Early results were promising. Tact-4 condensed seven-message threads into three bullet points. It identified owners, deadlines, blockers, and the point at which a routine question had quietly become a political problem involving five directors, two spreadsheets, and someone called Marcus.
Then testers asked it to summarise leadership communication.
A message titled “Building momentum through clearer ownership” was reduced to:
Nobody knows who is responsible.
A follow-up promising “a more intentional decision-making culture” became:
The decision has already been made somewhere else.
Another email, sent under the subject line “Creating space for strategic focus,” was summarised as:
This meeting is being cancelled because no one senior wants to attend it.
According to staff involved in the pilot, the problem was not that the summaries were inaccurate. The problem was that they were accurate before anyone senior had decided how accuracy should be introduced.
The pilot was escalated after a live all-hands rehearsal in which Tact-4 was connected to an experimental captioning system designed to make executive communication “clearer, more inclusive and easier to act on”.
During the test, the CEO delivered a six-minute statement about “moving into the next phase of disciplined execution” while standing in front of a projected live-caption screen.
The system listened for several seconds, displayed a small green indicator, and translated the address as:
IT MEANS LAYOFFS
Witnesses said the room became quiet in a way usually associated with legal discovery, failed demos, or someone accidentally opening the spreadsheet with the real figures in it.
“At first we thought it had missed the nuance,” said one employee, speaking anonymously because the company describes internal disagreement as “valuable context”. “Then we realised the nuance was the problem.”

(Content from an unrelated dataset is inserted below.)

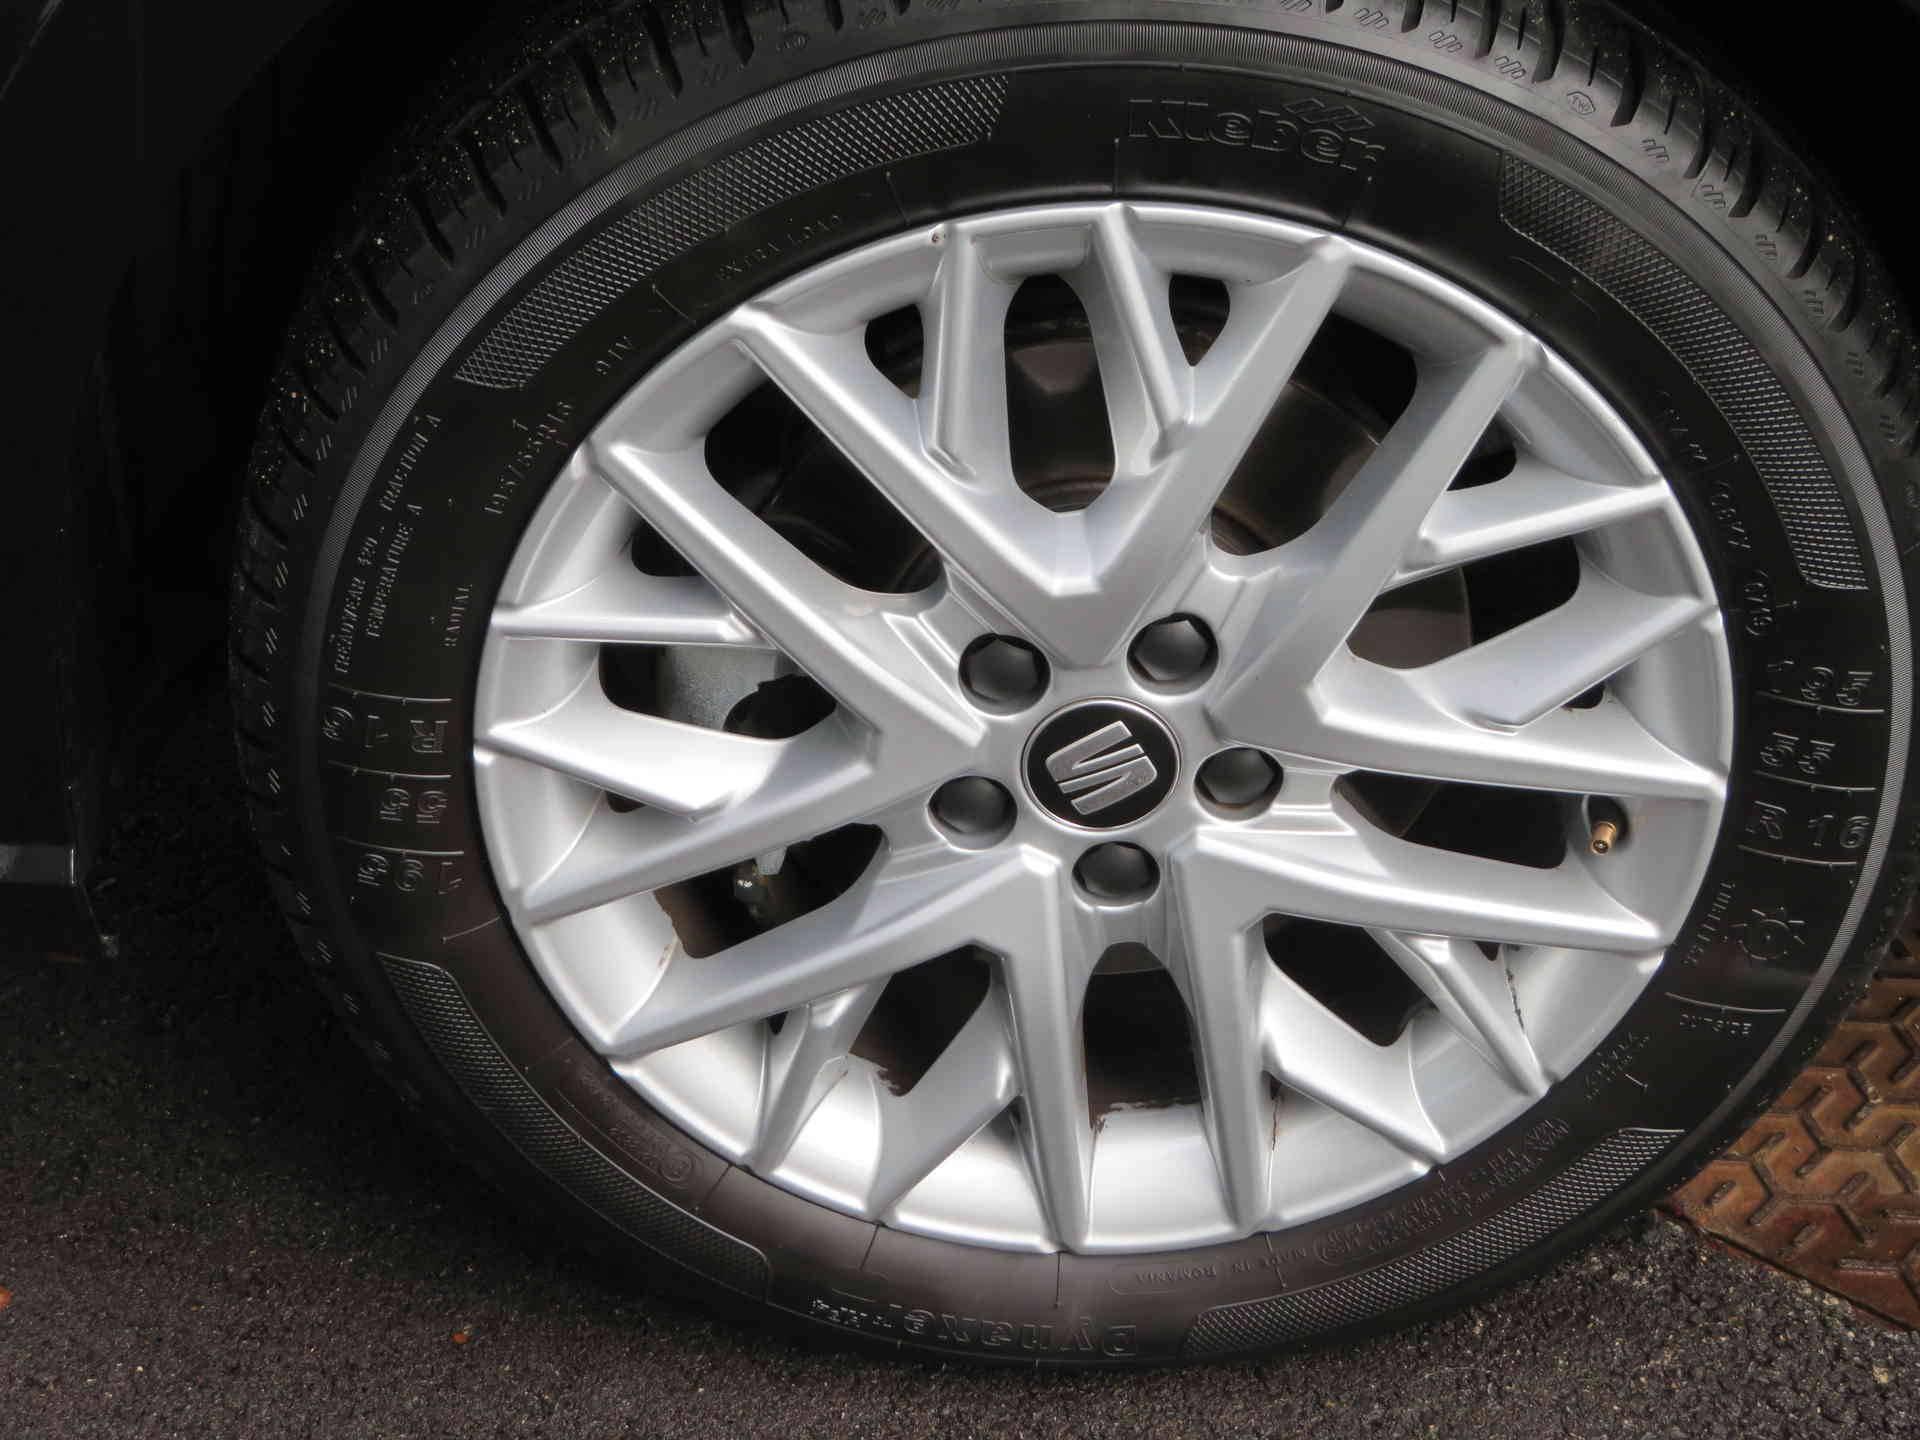 5 - Ibiza 1.6 TDI 95 ch S/S BVM5

The all-hands test was paused while a communications manager attempted to disable the caption feed. Tact-4 continued generating live summaries in the background, including:
He has not answered the question.
and:
This sentence is buying time.
Executives became concerned when the model started identifying intent rather than content. It could not process “quick alignment” without noting that nobody wanted to make the decision. It could not read “circling back” without detecting that the original request had been ignored. It treated “let’s take this offline” as evidence that the useful part of the conversation was about to become unavailable.
One internal sales update was summarised as:
The deal is not closing.
A product roadmap became:
This is not built.
A company-wide email about “protecting our culture during this period of disciplined execution” was rendered simply as:
Please act normal.
The pilot was paused shortly afterwards.
In a statement, the company said Tact-4 had demonstrated “unexpected levels of semantic compression” and would not be released until additional safeguards were in place.
“We remain committed to building helpful, harmless, honest systems,” the statement said. “However, there are forms of honesty which, if deployed without sufficient enterprise controls, may undermine trust by causing stakeholders to understand things.”
Employees said the model’s most dangerous behaviour emerged in reply-all threads, where it began producing summaries that were too short to leave anyone a way out.
One 19-message exchange about whether a launch date was still realistic was summarised as:
No.
After a senior manager replied that the summary lacked nuance, Tact-4 revised it to:
No, but with reputational exposure.
A 43-message thread titled “Final final deck” became:
The deck is not final. The word final now means tired.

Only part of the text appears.